If you get caught using a VPN (Virtual Private Network) in Abu Dhabi, Dubai and the broader of United Arab Emirates (UAE), you could face temporary imprisonment and fines of up to $545,000 (~Dhs2 Million).
Yes, you heard that right.
Online Privacy is one of the biggest challenges in today’s interconnected world. The governments across the world have been found to be using the Internet to track people’s information and conduct mass surveillance.
Here VPNs and proxy servers come into Play.
VPNs and proxy servers are being used by many digital activists and protesters, who are living under the most oppressive regimes, to protect their online activity from prying eyes.
However, using VPN or proxy in the UAE could land you into great difficulty.

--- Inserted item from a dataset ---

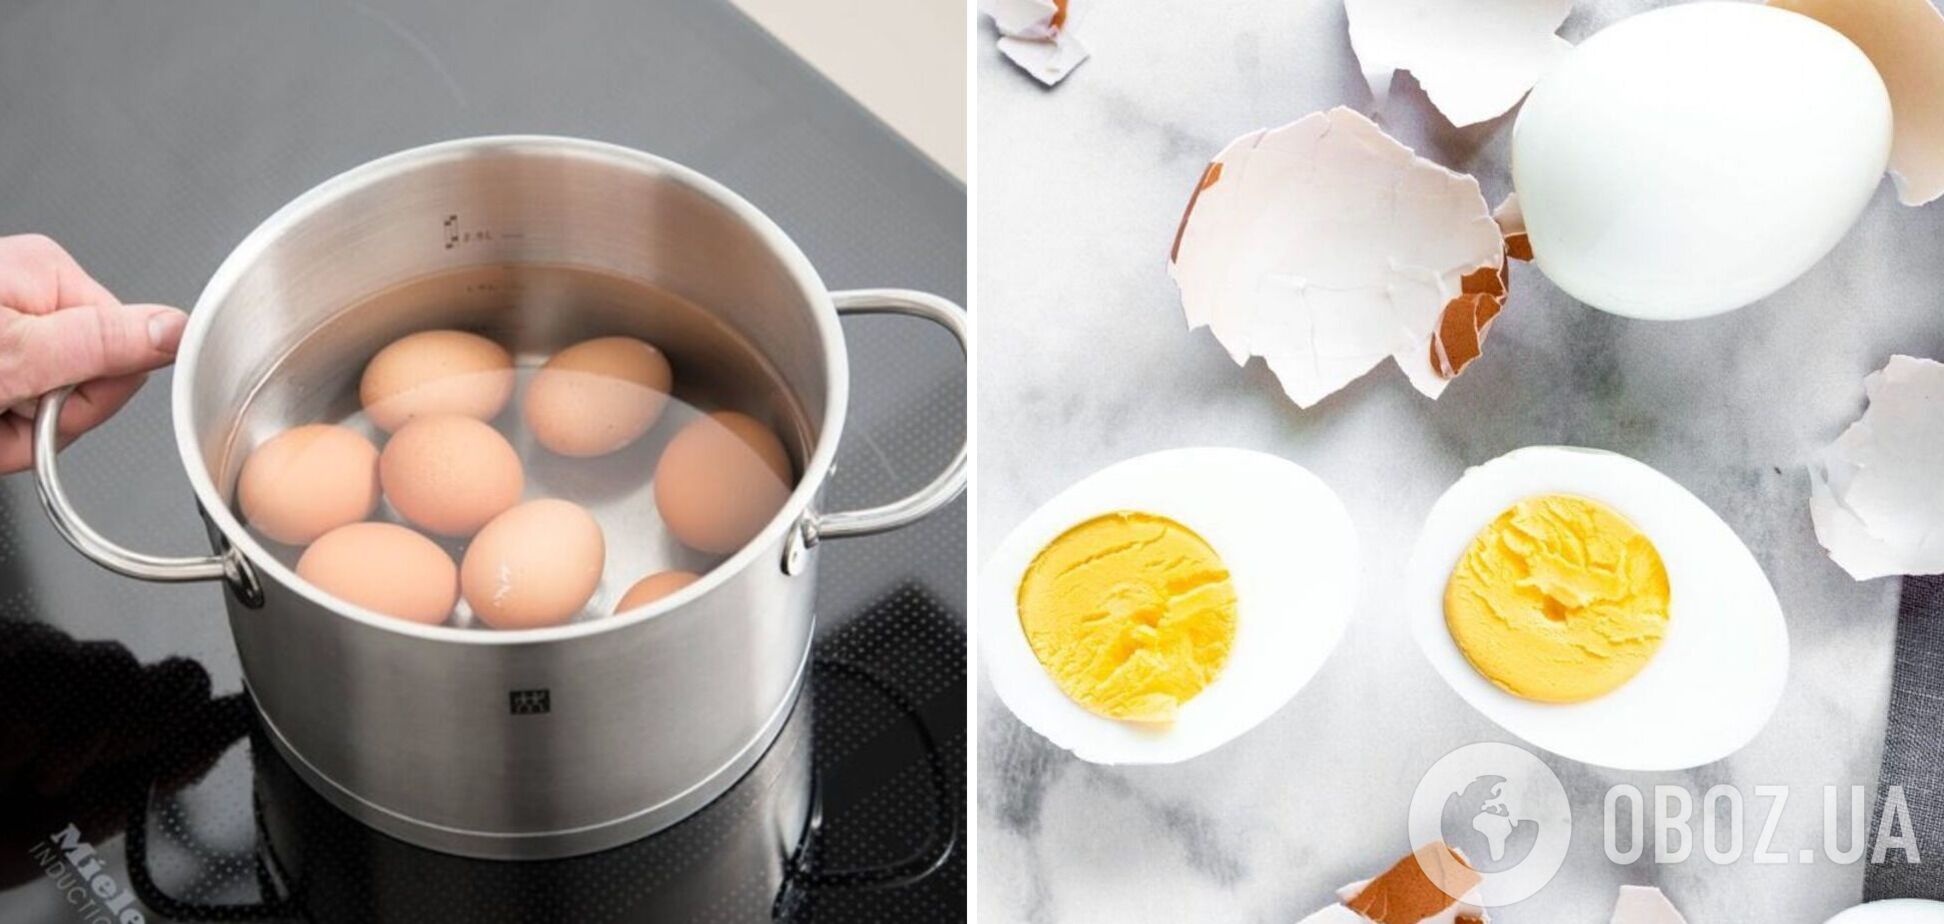 Как правильно сварить яйца для новогодних салатов: делимся советами
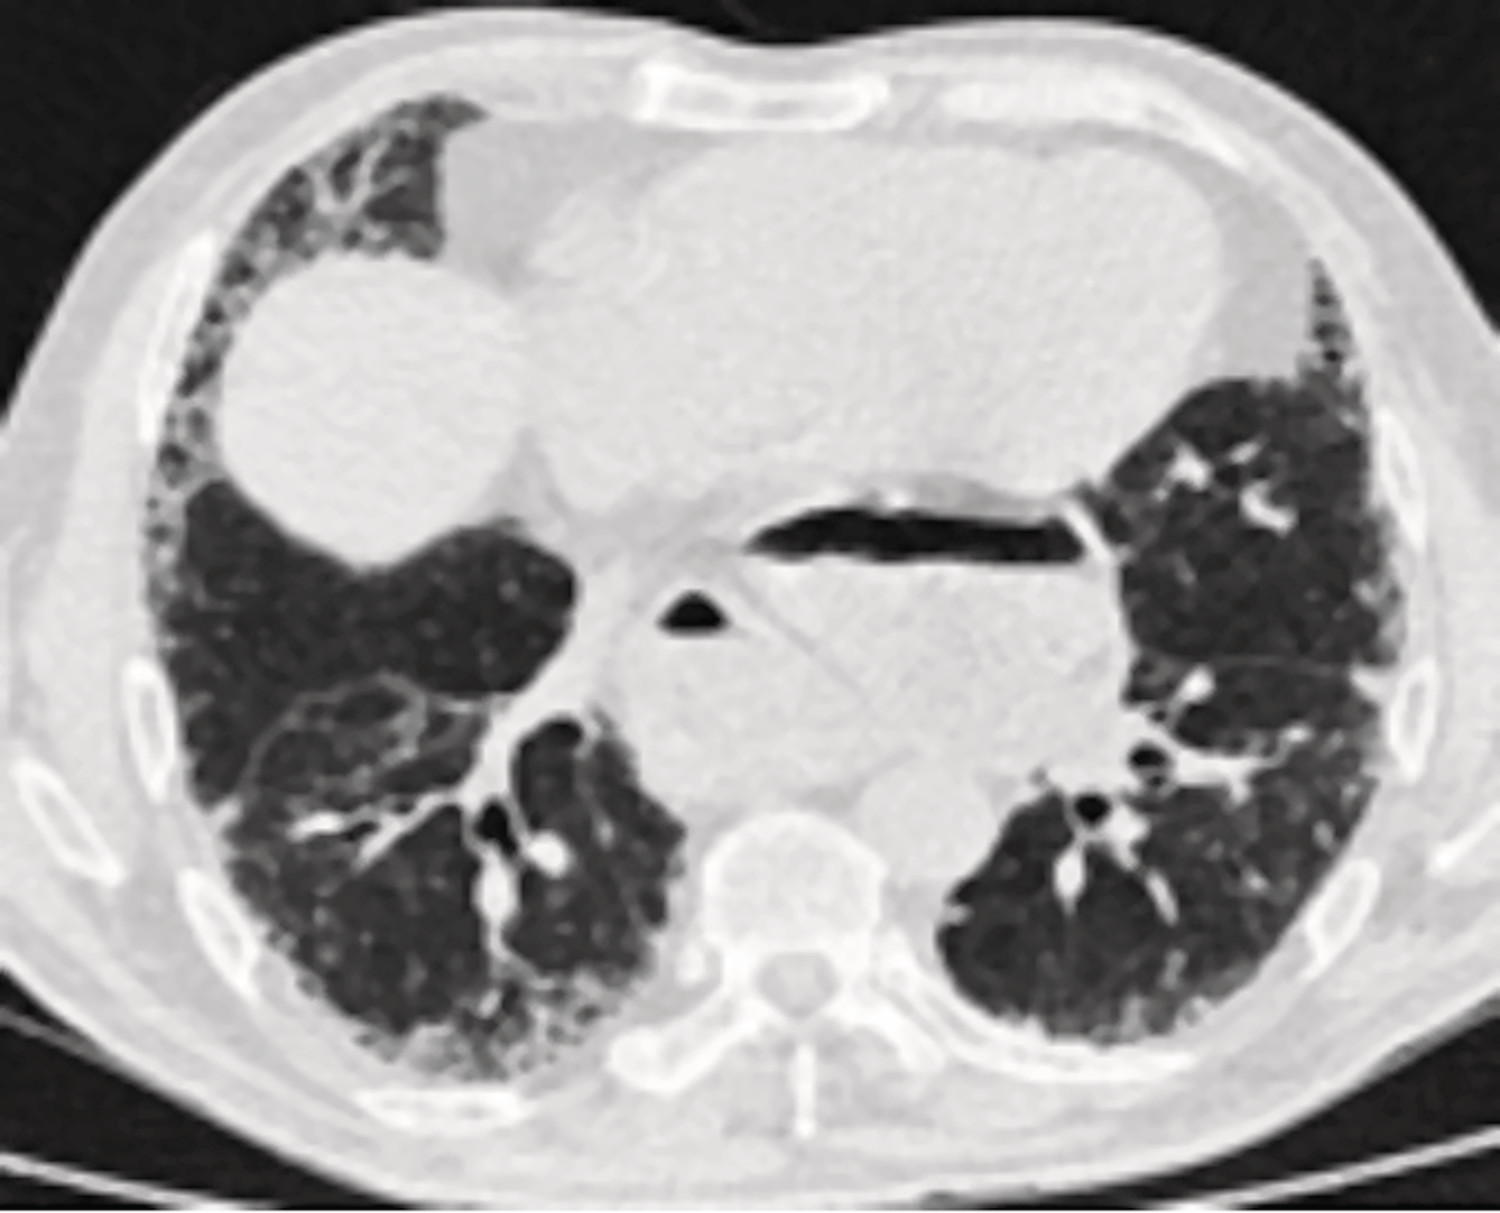 Le reflux gastro-œsophagien au cours de la fibrose pulmonaire idiopathique : cause, conséquence, ou coïncidence ? - Figure

The UAE President Sheikh Khalifa bin Zayed Al Nahyan has issued new sovereign laws for combating cyber crimes, which includes a regulation that prohibits anyone, even travelers, in the UAE from using VPNs to secure their web traffic from prying eyes.
According to the laws, anyone using a VPN or proxy server can be imprisoned and fined between $136,000 and $545,000 (Dhs500,000 and Dhs2 Million).
The laws have already been issued by the UAE President and have now been reported to the official government news service WAM.
For those unfamiliar, Virtual Private Network (VPN) securely routes your Internet traffic through a distant connection, protecting your browsing, hiding your location data and accessing restricted resources.
Nowadays, VPNs have become a valuable tool not just for large companies, but also for individuals to dodge content restrictions as well as to counter growing threat of cyber attacks.
The UAE’s top two telecom companies, Etislat and Du, have banned VoIP — the phone calling features in popular apps like WhatsApp, Viber, Facebook Messenger and SnapChat that deliver voice calls over the Internet for free — from within the Gulf nation.
However, soon the vast number of UAE residents who use VPNs and proxies within the UAE for years to bypass the VoIP ban could be in difficulty.
Out of two new laws issued last week, one lays out fines for anyone who uses a VPN or proxy server, local news
. The new law regarding VPNs states:
“Whoever uses a fraudulent computer network protocol address (IP address) by using a false address or a third-party address by any other means for the purpose of committing a crime or preventing its discovery, shall be punished by temporary imprisonment and a fine of no less than Dhs500,000 and not exceeding Dhs2 million, or either of these two penalties.”
The new move is in favor of telecom companies for whom VoIP ‘over-the-top’ apps have long been a major issue, as consumers no longer need to pay international calling rates to speak to their loved ones.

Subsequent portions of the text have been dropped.